Erythropoiesis: Heme and Bilirubin Metabolism
The liver is the primary erythropoietic organ of the fetus between
the 9th and 24th week of gestation. It continues to be a major site of hematopoiesis
until an infant is about 2 months of age. Recognizable hematopoietic cells normally
disappear from the liver as the bone marrow develops. With certain diseases, however,
they may persist (e.g., congenital hemolytic anemias) or reappear (e.g., bone marrow
failure or myeloproliferative disorders).

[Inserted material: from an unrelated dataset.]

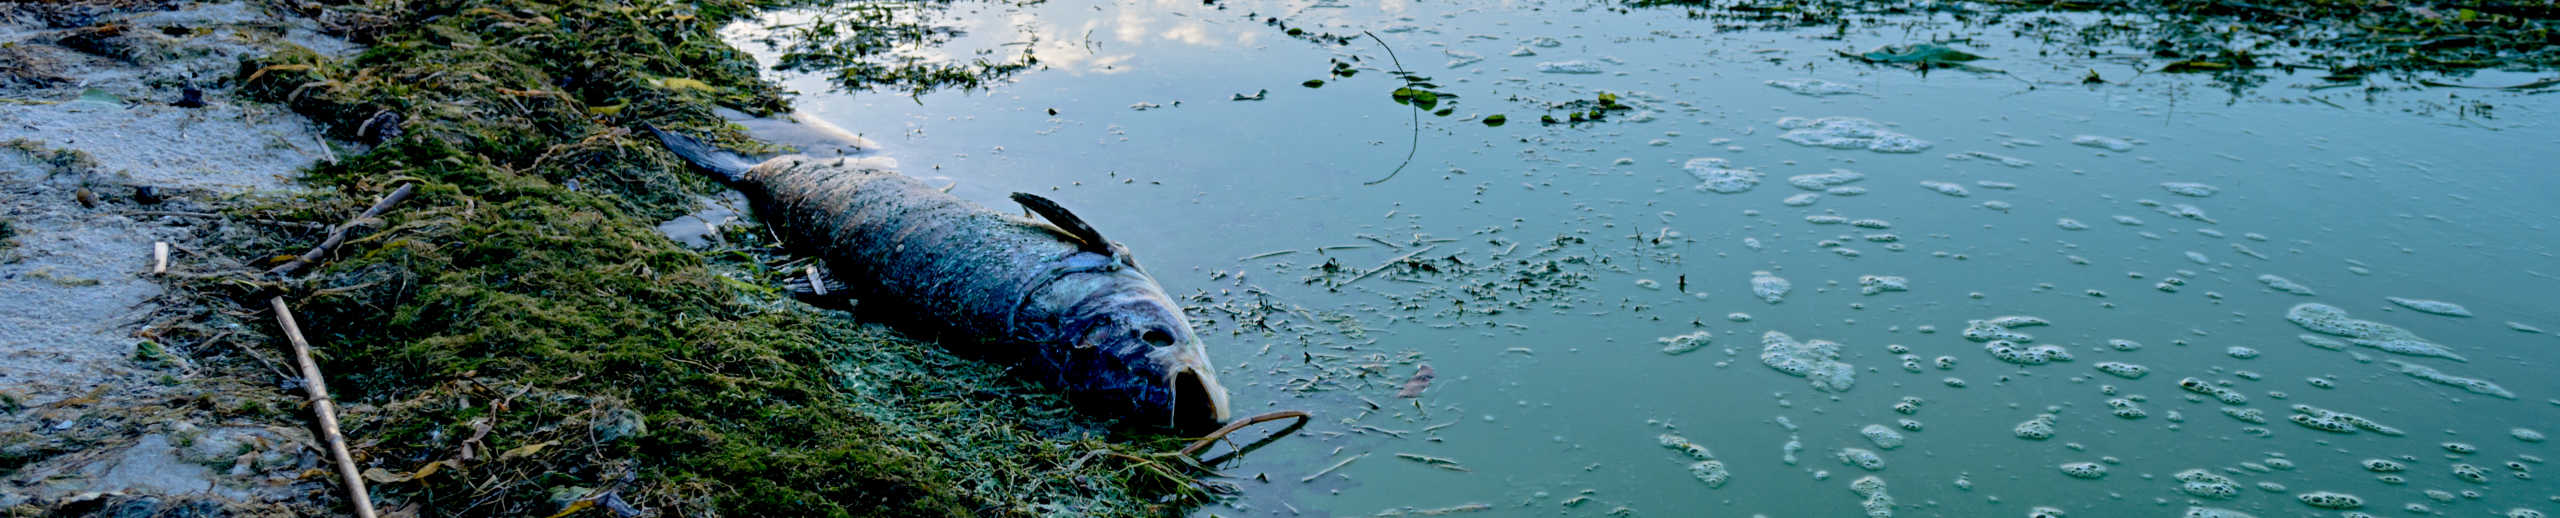 Toter Fisch am Ufer eines eutrophierten Sees
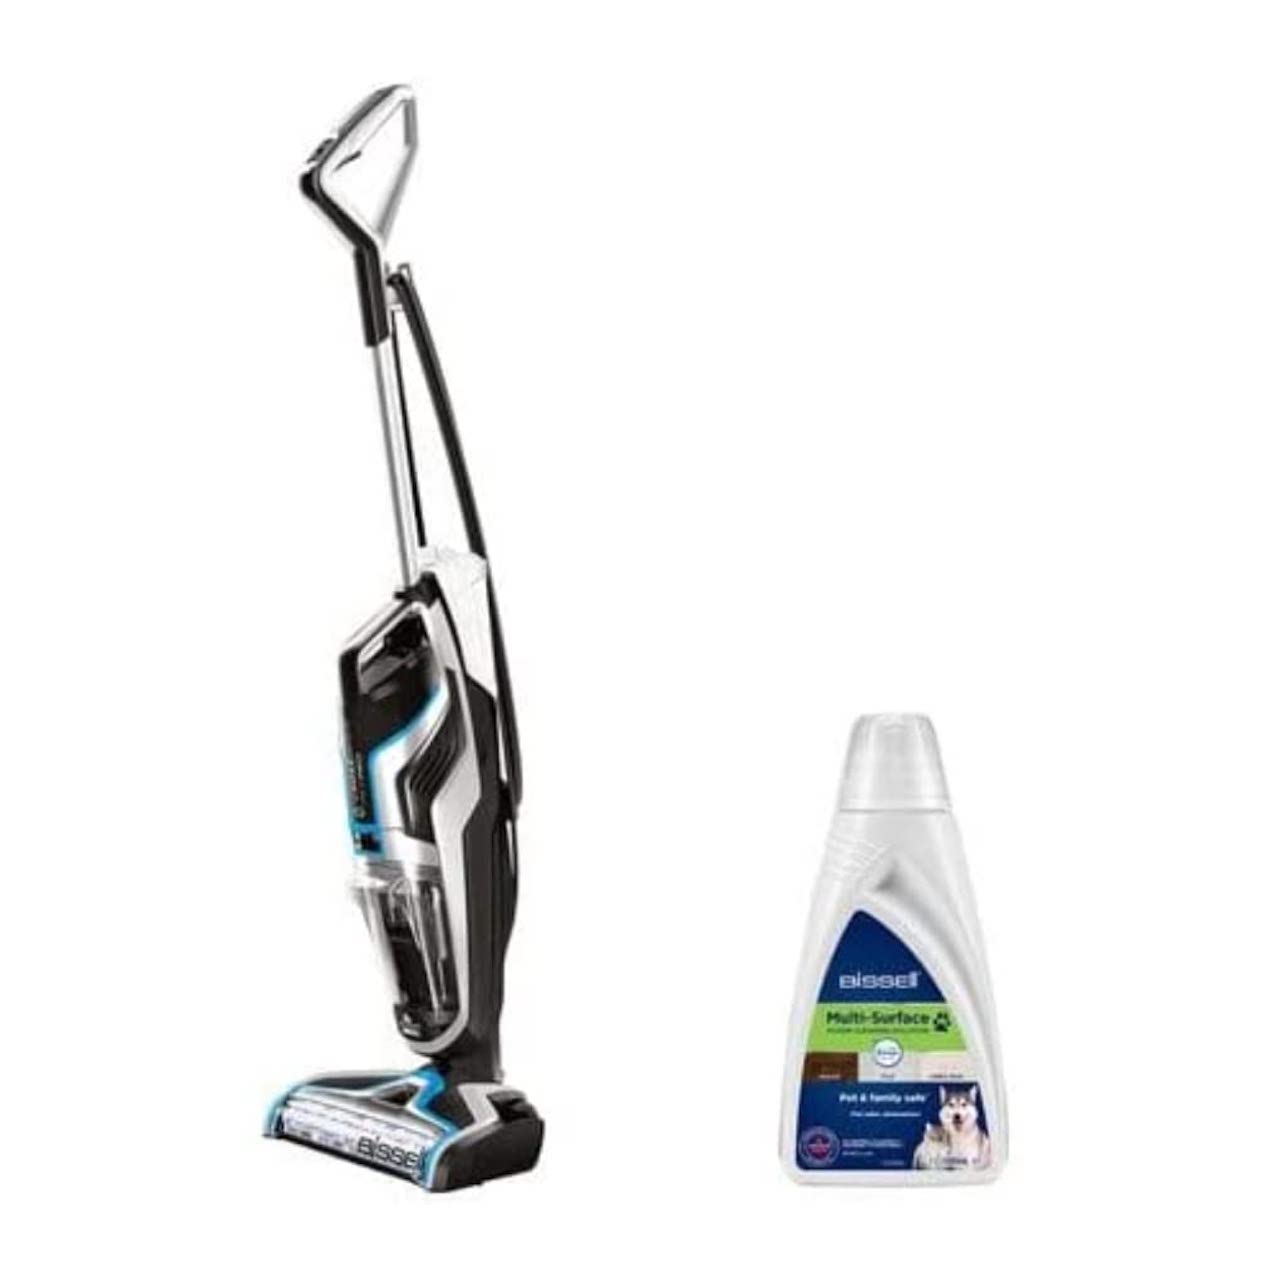 BISSEL Spot Clean Plus VS Kärcher SE 3-18 : Quel aspirateur lavant

In healthy adults, the liver is responsible for about 20% of heme
production; bone marrow makes the rest. The two organs use nearly identical pathways
to synthesize heme, although the regulatory mechanisms differ slightly.[112]
[123]
[124]
[125]
[126]
The focus here is on the hepatocellular pathway.
Heme synthesis begins in mitochondria. In the first step, which is rate-limiting
in the synthesis of heme, 5-aminolevulinic acid (ALA) synthase condenses glycine
and succinyl-CoA, to produce ALA. Heme is the main (feedback) inhibitor of ALA synthase.
ALA diffuses from mitochondria into the cytoplasm, where ALA dehydratase links two
ALA molecules together to produce porphobilinogen (PBG). The linear arrangement
of PBG molecules by PBG deaminase yields hydroxymethylbilane (HMB). HMB is transformed
to uroporphyrinogen III, which is converted to coproporphyrinogen III. Mitochondria
take up coproporphyrinogen III and convert it to protoporphyrin IX through the actions
of coproporphyrinogen oxidase and protoporphyrin oxidase. In the final step of the
pathway, ferrochelatase adds ferrous iron to protoporphyrin IX, creating heme. In
other words, heme is a complex of ferrous iron and protoporphyrin IX. Subjecting
porphyrinogens to oxygen rapidly oxidizes them to matching porphyrins.
Porphyrias
Porphyrias are uncommon disorders of heme synthesis (porphyrin
metabolism). Usually, the disorder remains subclinical until an endogenous or exogenous
stress triggers a porphyric crisis.[127]
Clinical
features of acute porphyrias include recurrent, dramatic, and potentially fatal neurologic
reactions. Most patients develop abdominal pain (90%) and dark urine (80%). Neurotoxicity
may result from increased plasma and tissue levels of porphyrin precursors (particularly
ALA and PBG), which have chemical structures resembling the inhibitory neurotransmitter
γ-aminobutyric acid (GABA). The most common of the acute porphyrias is acute
intermittent porphyria (AIP). Its prevalence is about 1 in 10,000 in the general
population and may be as high as 1 in 500 among patients with psychiatric disorders.
Women are five times more likely than men to have AIP. Among the triggers of porphyric
crises are sex hormones, glucocorticoids, cigarette smoking, and medications,[112]
[128]
[129]
including
certain anesthetic agents (e.g., barbiturates, etomidate, enflurane, pentazocine).
[129]
Barbiturates and other inducers of cytochrome
P-450 (CYP) stimulate the synthesis of cytochrome protein; incorporating heme into
newly forming hemoproteins causes the intracellular heme concentration to decline.
[129]
[130]
[131]
[132]
The decrease in heme reduces the inhibitory
influence on ALA synthetase, which is rate-limiting, and thus porphyrin (heme) synthesis
speeds up.[133]
[134]
Hemoglobin Metabolism and Bilirubin
The metabolism of hemoglobin produces bilirubin.[112]
About 300 mg of bilirubin is formed daily, mostly from the destruction of senescent
erythrocytes by macrophages of the reticuloendothelial system. These macrophages
(mainly in the spleen, liver, and bone marrow) extract the protein portion of hemoglobin
and then catabolize heme in a two-step process. First, heme oxygenase cleaves the
porphyrin macrocycle of heme, in a reaction that consumes molecular oxygen and produces
carbon monoxide, ferrous iron, and a linear tetrapyrrole (biliverdin). Second, cytoplasmic
reductases rapidly convert biliverdin to bilirubin.[135]
The bilirubin is released into the bloodstream and binds tightly
to albumin. Hepatic parenchymal cells avidly extract protein-bound bilirubin and
conjugate it, using glucuronic acid and bilirubin UDP-glucuronosyltransferase. Hepatocytes
secrete bilirubin conjugates into the canalicular bile, which flows into the alimentary
tract. Most conjugated bilirubin undergoes intestinal excretion, with little returning
to the liver in the enterohepatic circulation. In healthy individuals, only a small
fraction of conjugated bilirubin enters the plasma by direct (from hepatic sinusoids)
or indirect (absorption from bile ducts or lymphatics) routes.[136]